The movement spread internationally, developing such strands as ethereal wave, with bands such as Cocteau Twins, and neoclassical dark wave, initiated by the music of Dead Can Dance and In the Nursery. Simultaneously, different substyles associated with the new wave and dark wave movements started to merge and influence each other.

German dark wave bands were partially associated with the Neue Deutsche Welle (i.e. German new wave).  Other bands, such as Malaria! and the Vyllies, added elements of chanson and cabaret music, which became known as cabaret noir (or "dark cabaret", a term popularized by U.S. dark wave label Projekt Records).

1990s: Second generation 

After the new wave and post-punk movements faded in the mid-1980s, dark wave was renewed as an underground movement. Ataraxia and The Frozen Autumn from Italy, and the French Corpus Delicti also evolved from this movement and became the leading artists of the west Romanesque scene. These bands followed a path based on the new wave and post-punk music of the 1980s.

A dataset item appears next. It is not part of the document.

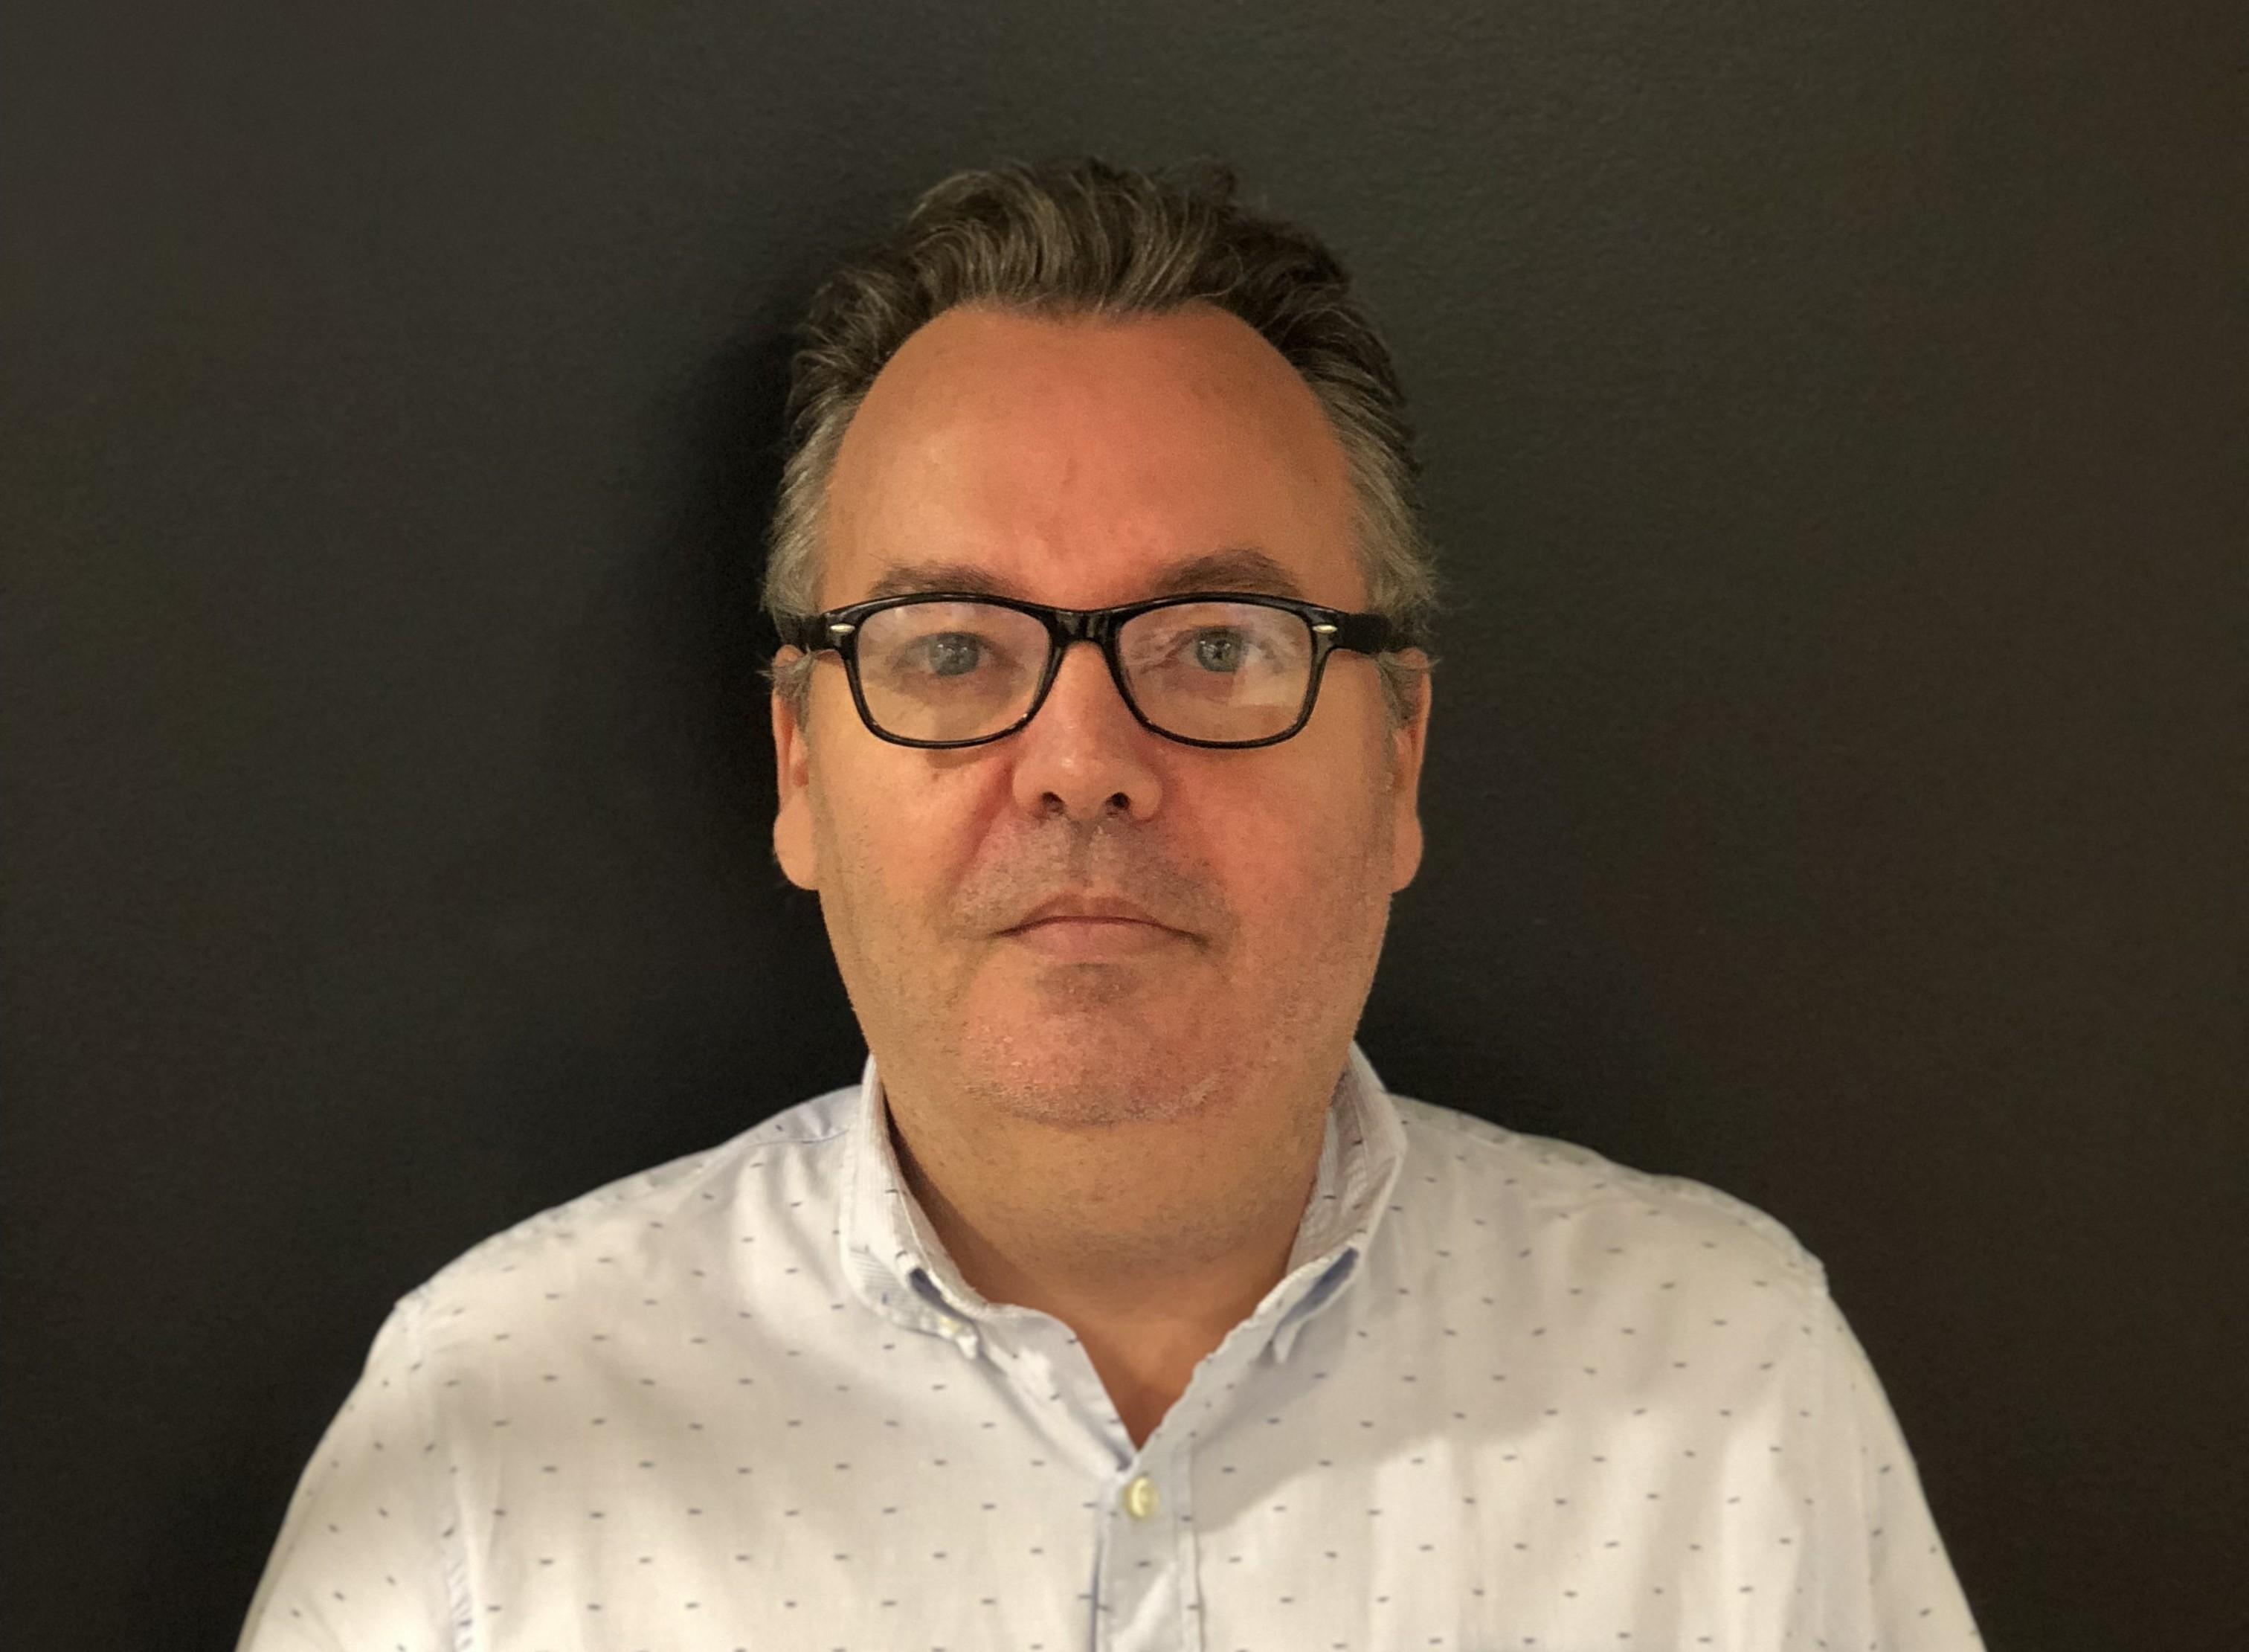 Laurent Lepsch

At the same time, a number of German artists developed a more theatrical style, interspersed with German poetic, metaphorical lyrics, called Neue Deutsche Todeskunst (literally New German Death Art). Other bands combined synthesizers with elements of neofolk and neoclassical dark wave.

After 1993, in the United States the term dark wave (as the one-word variant 'darkwave') became associated with the Projekt Records label, because it was adopted by label founder Sam Rosenthal after leafing through the pages of German music magazines such as Zillo, and has been used to promote and market artists from German label Hyperium Records in the U.S. (e.g. Chandeen and Love Is Colder Than Death).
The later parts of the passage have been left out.